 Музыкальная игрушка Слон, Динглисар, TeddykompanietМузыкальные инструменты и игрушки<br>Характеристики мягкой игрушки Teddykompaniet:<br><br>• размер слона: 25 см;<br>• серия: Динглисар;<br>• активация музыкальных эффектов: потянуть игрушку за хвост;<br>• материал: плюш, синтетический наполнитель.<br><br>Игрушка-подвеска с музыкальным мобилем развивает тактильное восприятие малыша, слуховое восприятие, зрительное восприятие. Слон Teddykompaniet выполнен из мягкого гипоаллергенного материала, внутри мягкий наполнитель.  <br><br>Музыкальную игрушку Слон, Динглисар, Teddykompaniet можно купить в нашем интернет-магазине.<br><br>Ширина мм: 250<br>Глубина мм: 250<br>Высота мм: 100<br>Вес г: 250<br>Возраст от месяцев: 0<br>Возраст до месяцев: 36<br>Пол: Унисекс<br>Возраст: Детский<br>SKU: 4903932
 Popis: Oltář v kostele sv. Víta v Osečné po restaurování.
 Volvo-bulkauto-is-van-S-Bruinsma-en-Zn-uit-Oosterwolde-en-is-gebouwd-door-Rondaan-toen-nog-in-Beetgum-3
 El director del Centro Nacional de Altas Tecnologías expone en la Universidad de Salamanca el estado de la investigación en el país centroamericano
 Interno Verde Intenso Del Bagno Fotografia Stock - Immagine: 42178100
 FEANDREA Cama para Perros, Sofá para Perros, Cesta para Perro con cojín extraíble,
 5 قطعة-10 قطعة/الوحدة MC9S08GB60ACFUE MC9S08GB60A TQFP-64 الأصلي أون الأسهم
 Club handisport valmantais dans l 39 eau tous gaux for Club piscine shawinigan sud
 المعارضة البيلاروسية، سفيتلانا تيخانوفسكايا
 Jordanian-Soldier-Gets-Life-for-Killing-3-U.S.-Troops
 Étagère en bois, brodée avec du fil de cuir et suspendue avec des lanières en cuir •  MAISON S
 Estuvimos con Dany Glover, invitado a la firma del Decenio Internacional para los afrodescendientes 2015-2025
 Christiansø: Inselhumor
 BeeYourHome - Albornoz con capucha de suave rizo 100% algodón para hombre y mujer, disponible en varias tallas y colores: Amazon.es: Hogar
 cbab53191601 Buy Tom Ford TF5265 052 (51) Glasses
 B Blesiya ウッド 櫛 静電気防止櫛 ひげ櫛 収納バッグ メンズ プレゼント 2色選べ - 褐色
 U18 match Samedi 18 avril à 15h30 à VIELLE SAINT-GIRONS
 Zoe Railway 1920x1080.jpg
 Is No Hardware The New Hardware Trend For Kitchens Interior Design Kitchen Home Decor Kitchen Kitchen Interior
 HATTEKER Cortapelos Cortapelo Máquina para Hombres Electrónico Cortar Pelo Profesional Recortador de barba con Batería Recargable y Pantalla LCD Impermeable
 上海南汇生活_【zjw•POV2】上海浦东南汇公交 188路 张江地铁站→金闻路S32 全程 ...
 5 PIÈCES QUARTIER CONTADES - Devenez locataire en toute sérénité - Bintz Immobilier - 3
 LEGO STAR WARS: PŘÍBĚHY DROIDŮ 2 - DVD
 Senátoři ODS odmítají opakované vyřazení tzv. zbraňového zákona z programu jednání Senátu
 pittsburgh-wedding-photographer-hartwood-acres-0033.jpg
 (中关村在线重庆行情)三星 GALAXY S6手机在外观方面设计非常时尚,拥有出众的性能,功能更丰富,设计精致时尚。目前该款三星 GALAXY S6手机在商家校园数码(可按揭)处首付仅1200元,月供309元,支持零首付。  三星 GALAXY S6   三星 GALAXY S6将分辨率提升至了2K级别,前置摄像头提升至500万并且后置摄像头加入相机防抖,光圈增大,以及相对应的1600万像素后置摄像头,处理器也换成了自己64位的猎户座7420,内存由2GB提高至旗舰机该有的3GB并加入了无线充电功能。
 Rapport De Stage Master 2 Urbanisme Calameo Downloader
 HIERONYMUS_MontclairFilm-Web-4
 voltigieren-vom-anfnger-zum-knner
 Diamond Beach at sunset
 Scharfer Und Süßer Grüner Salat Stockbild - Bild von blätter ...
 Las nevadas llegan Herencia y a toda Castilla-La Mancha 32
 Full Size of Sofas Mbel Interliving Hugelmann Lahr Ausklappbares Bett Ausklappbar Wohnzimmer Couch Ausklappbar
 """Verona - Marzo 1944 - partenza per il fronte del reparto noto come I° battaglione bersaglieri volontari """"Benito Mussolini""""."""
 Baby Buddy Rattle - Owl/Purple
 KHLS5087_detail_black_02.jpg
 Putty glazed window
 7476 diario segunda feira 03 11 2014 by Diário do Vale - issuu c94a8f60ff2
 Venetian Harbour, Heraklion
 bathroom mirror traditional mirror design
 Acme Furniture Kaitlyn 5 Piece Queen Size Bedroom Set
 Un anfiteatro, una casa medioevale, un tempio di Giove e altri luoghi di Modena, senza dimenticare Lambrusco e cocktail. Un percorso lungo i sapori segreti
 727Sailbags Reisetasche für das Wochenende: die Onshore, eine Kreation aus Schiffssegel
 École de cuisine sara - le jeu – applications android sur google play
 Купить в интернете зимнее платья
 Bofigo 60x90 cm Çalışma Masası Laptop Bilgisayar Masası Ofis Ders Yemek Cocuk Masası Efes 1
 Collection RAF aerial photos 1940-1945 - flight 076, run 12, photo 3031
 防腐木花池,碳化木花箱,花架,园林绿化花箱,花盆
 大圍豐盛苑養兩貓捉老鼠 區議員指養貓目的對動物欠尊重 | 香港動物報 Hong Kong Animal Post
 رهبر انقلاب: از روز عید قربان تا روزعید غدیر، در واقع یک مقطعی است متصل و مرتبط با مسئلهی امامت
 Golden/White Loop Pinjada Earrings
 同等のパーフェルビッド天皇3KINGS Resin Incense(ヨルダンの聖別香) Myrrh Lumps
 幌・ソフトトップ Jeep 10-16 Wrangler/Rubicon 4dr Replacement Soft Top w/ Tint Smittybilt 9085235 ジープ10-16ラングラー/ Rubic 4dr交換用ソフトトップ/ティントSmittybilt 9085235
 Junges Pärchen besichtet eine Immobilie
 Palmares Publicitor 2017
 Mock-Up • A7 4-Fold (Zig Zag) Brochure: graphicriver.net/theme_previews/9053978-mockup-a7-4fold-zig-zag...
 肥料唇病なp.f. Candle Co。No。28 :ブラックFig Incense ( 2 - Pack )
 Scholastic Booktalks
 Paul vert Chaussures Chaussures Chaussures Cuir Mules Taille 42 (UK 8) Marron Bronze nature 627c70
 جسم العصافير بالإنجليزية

§ What to work on
Please give an exact copy of the entries above, from the line with "上海南汇生活_【zjw•POV2】上海浦东南汇公交 188路 张江地铁站→金闻路S32" down to the line with "pittsburgh-wedding-photographer-hartwood-acres-0033.jpg", inclusive, and nothing else.

§ Task response
 上海南汇生活_【zjw•POV2】上海浦东南汇公交 188路 张江地铁站→金闻路S32 全程 ...
 5 PIÈCES QUARTIER CONTADES - Devenez locataire en toute sérénité - Bintz Immobilier - 3
 LEGO STAR WARS: PŘÍBĚHY DROIDŮ 2 - DVD
 Senátoři ODS odmítají opakované vyřazení tzv. zbraňového zákona z programu jednání Senátu
 pittsburgh-wedding-photographer-hartwood-acres-0033.jpg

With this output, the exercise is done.